▶ _WHAT YOU SHOULD DO_
Shown below is a listing with pictures; reproduce exactly, and only, the lines between the ones containing "Office Christmas Party Gift Exchange Ideas" and "25 unique Gift", inclusive, leaving the pictures out.

▶ _RECORD SET_
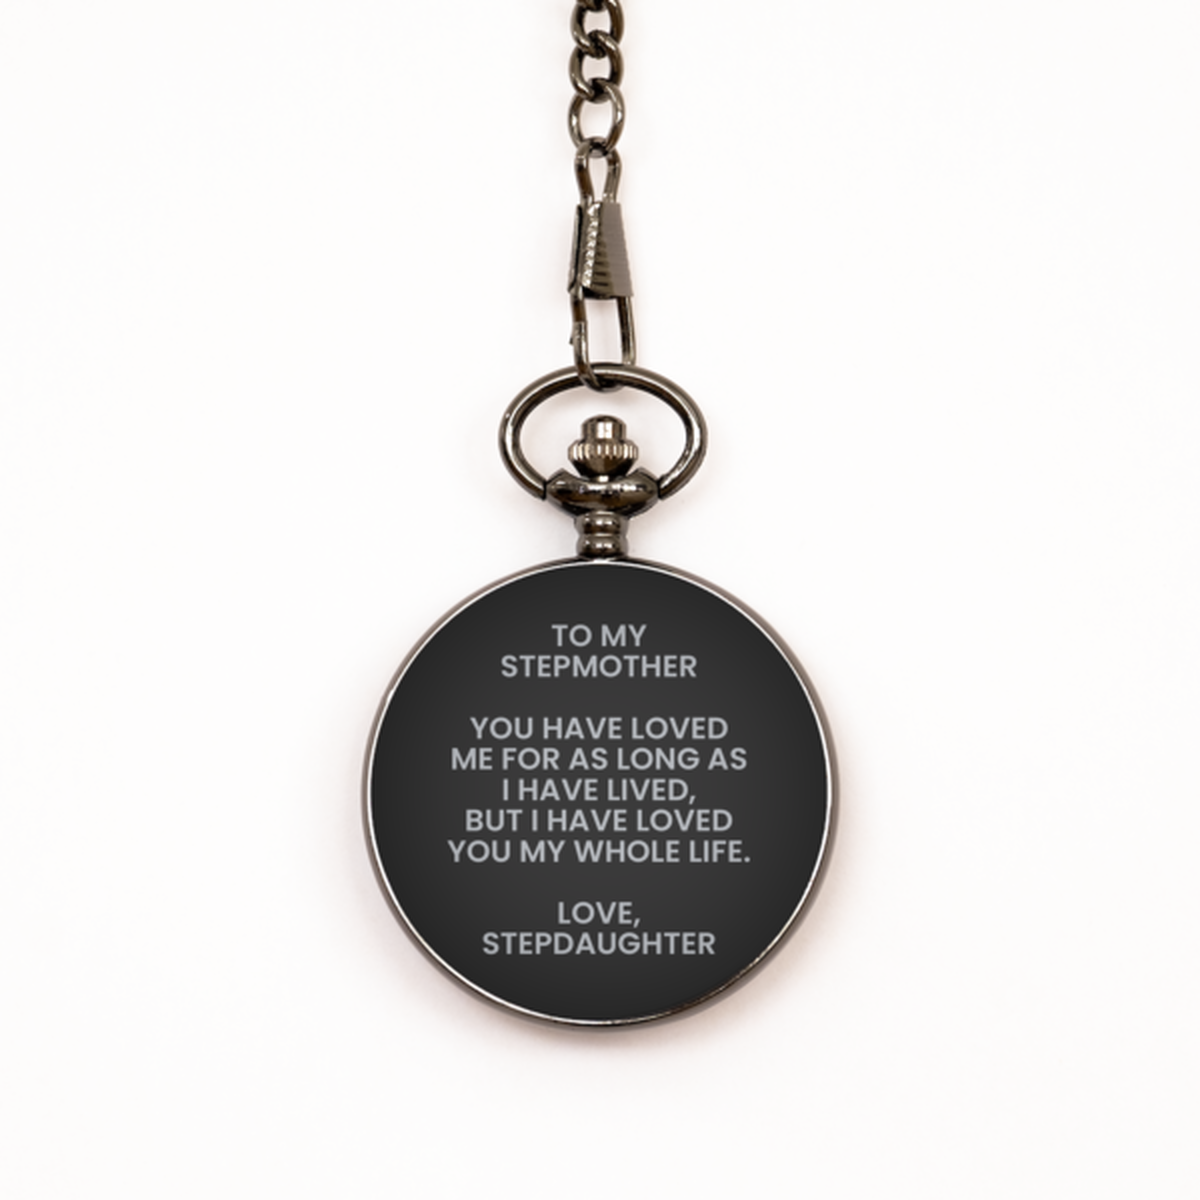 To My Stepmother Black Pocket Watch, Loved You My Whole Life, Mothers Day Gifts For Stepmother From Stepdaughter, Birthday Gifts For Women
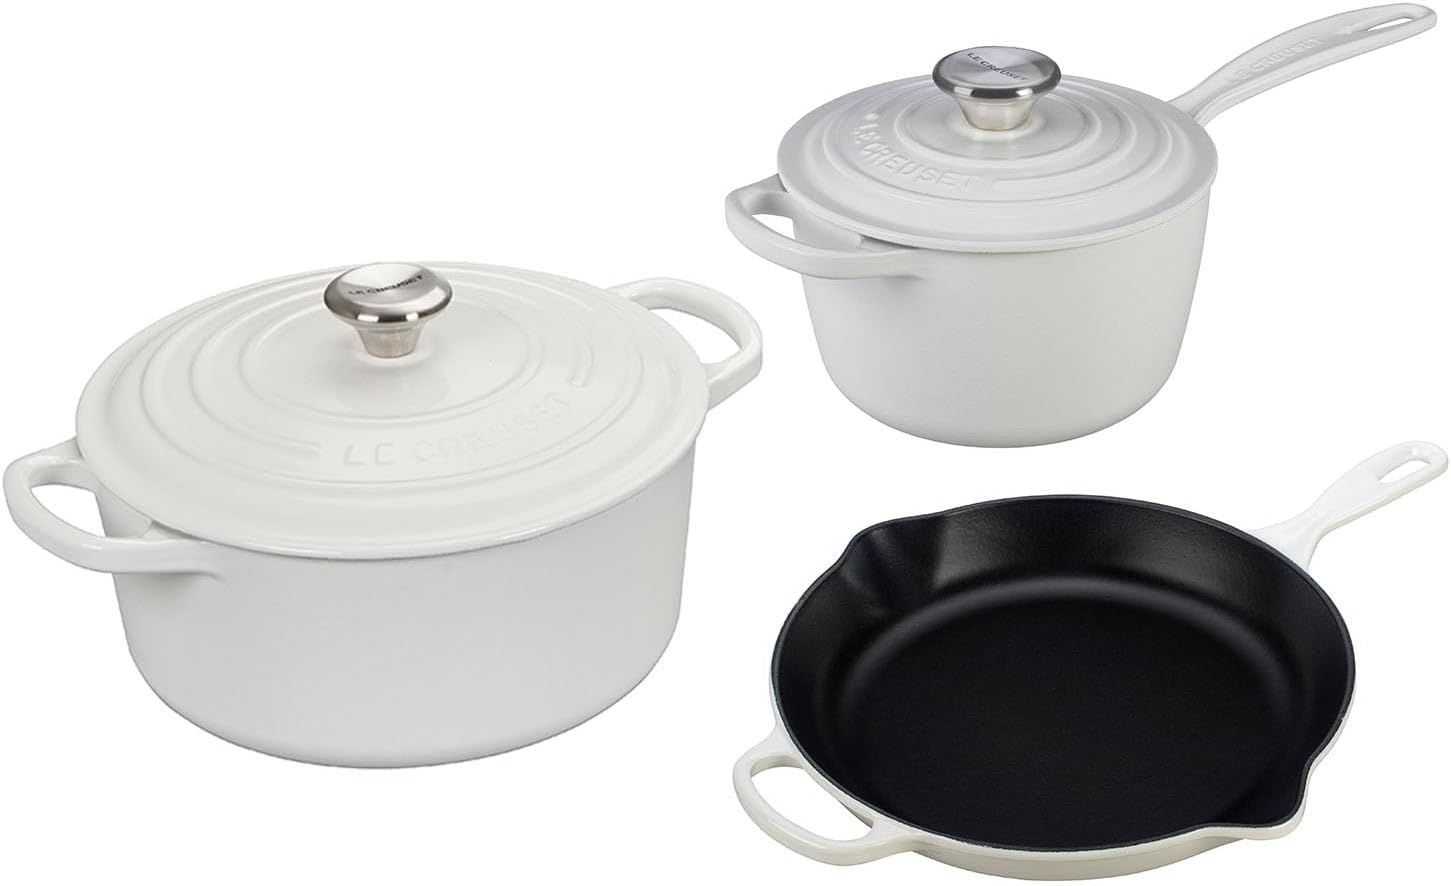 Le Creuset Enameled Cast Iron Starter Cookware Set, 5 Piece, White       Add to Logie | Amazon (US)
--
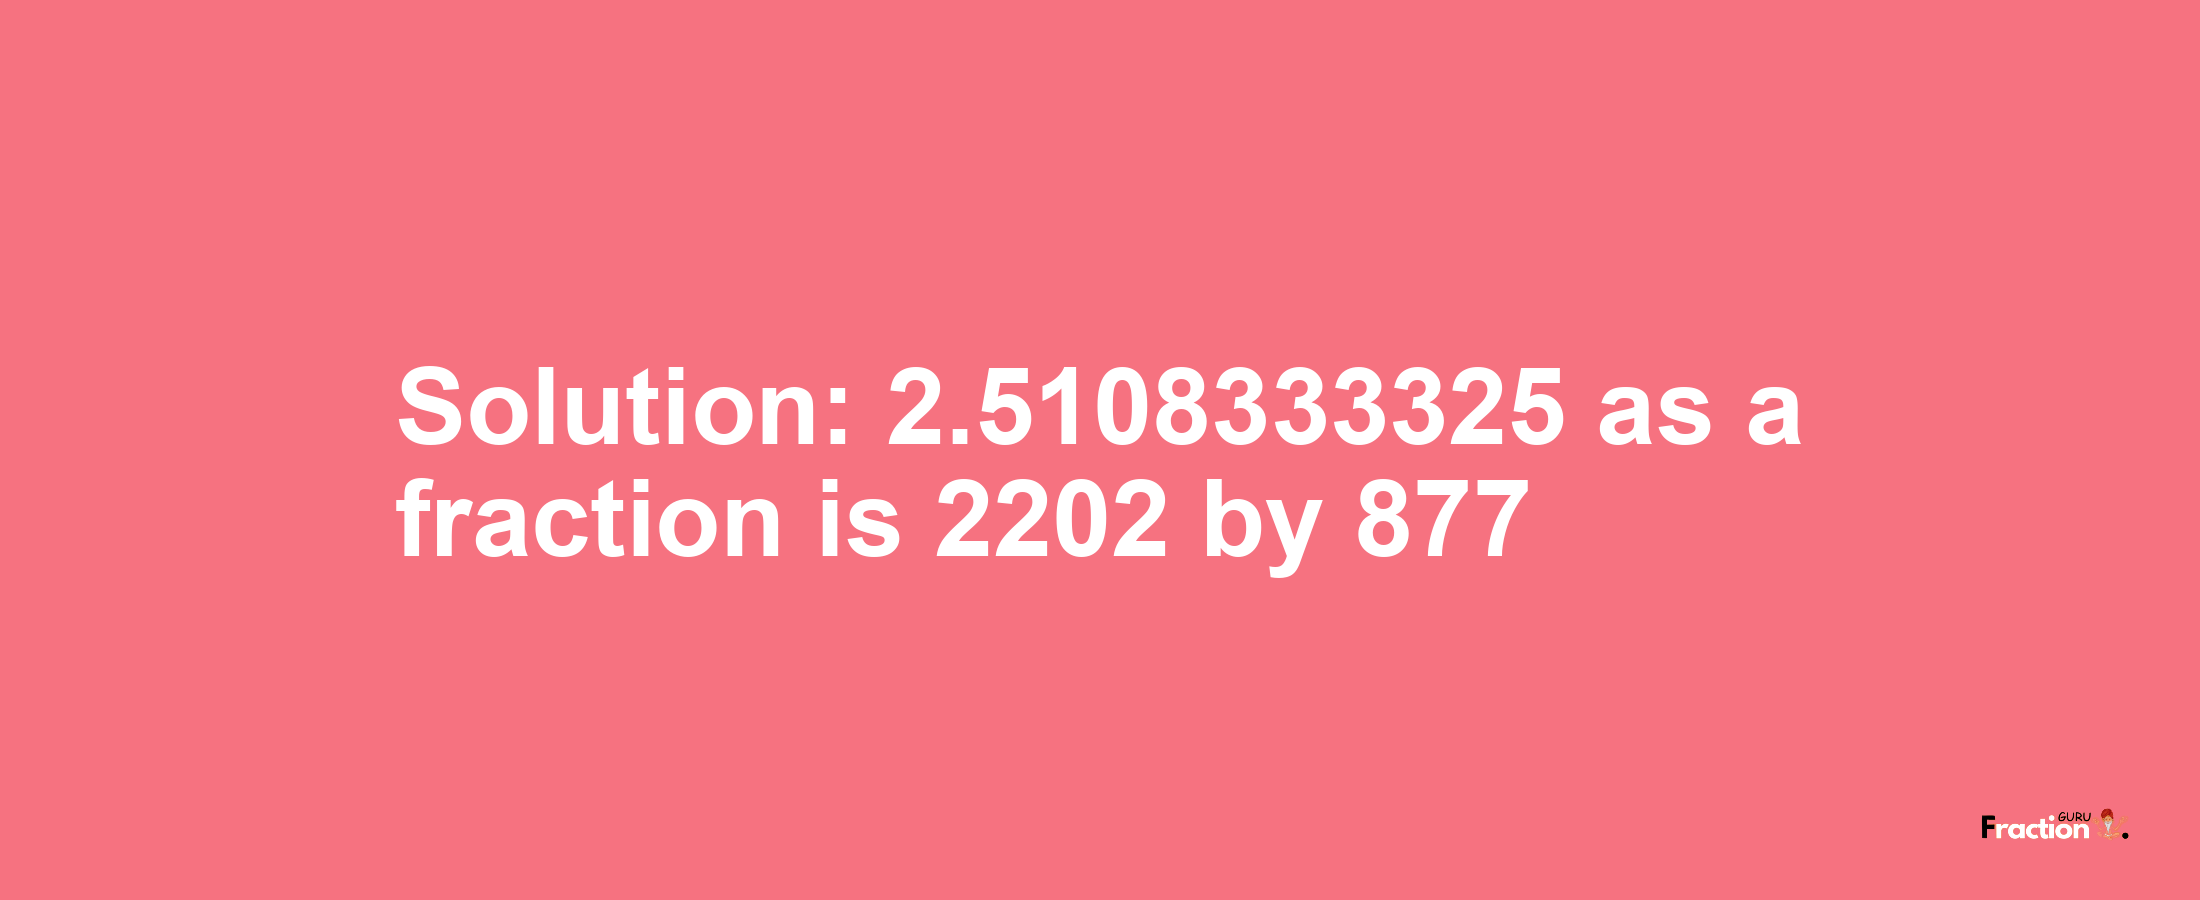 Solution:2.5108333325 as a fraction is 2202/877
==
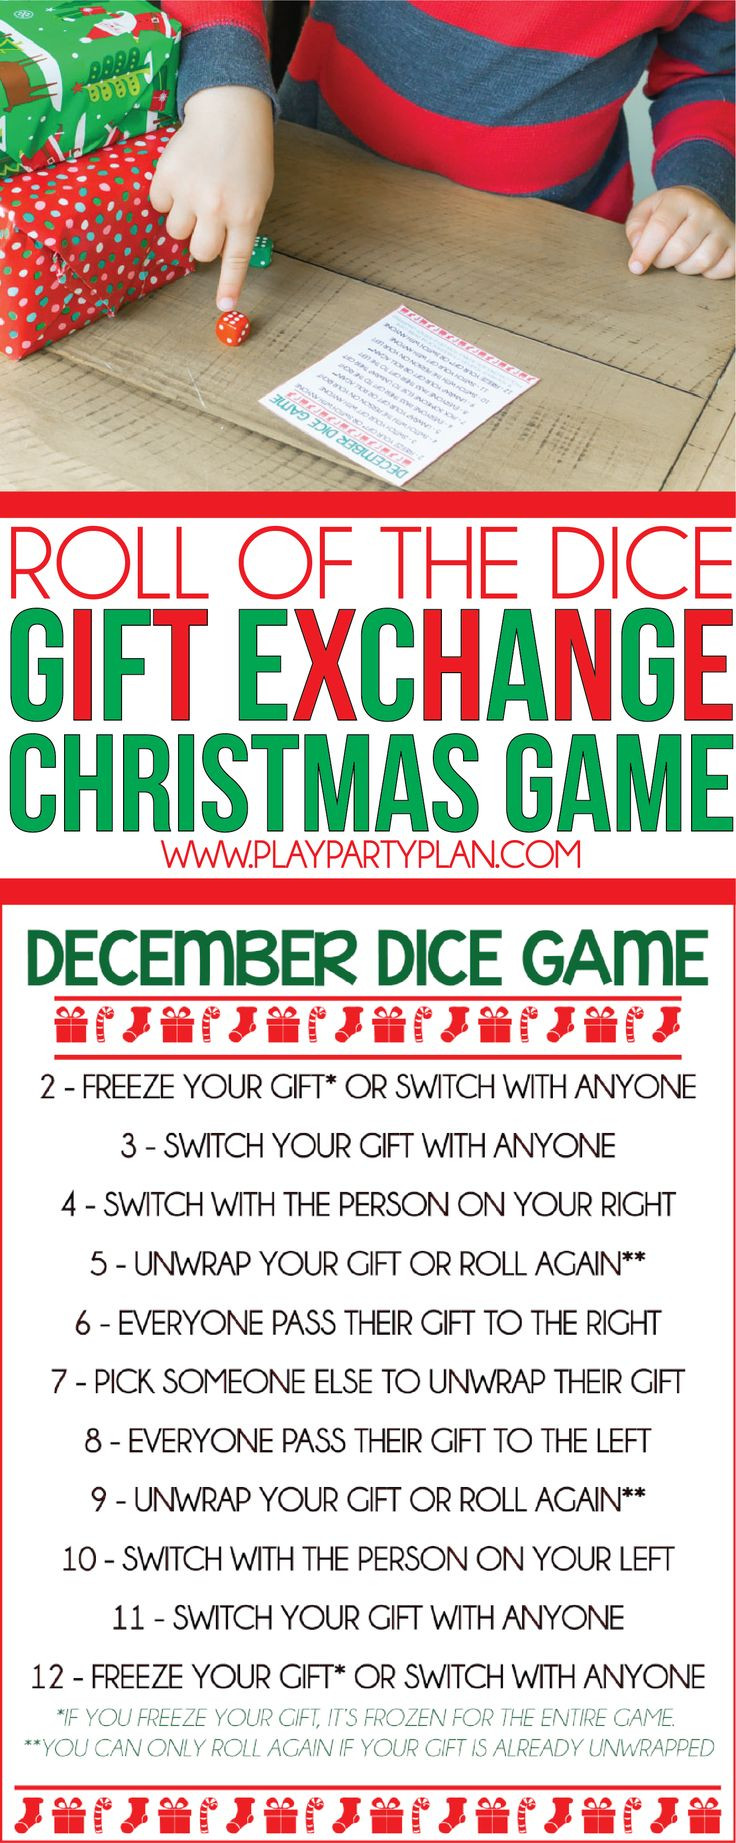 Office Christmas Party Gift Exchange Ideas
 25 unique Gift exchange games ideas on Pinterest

▶ _RESULT OF THE TASK_
 Office Christmas Party Gift Exchange Ideas
 25 unique Gift exchange games ideas on Pinterest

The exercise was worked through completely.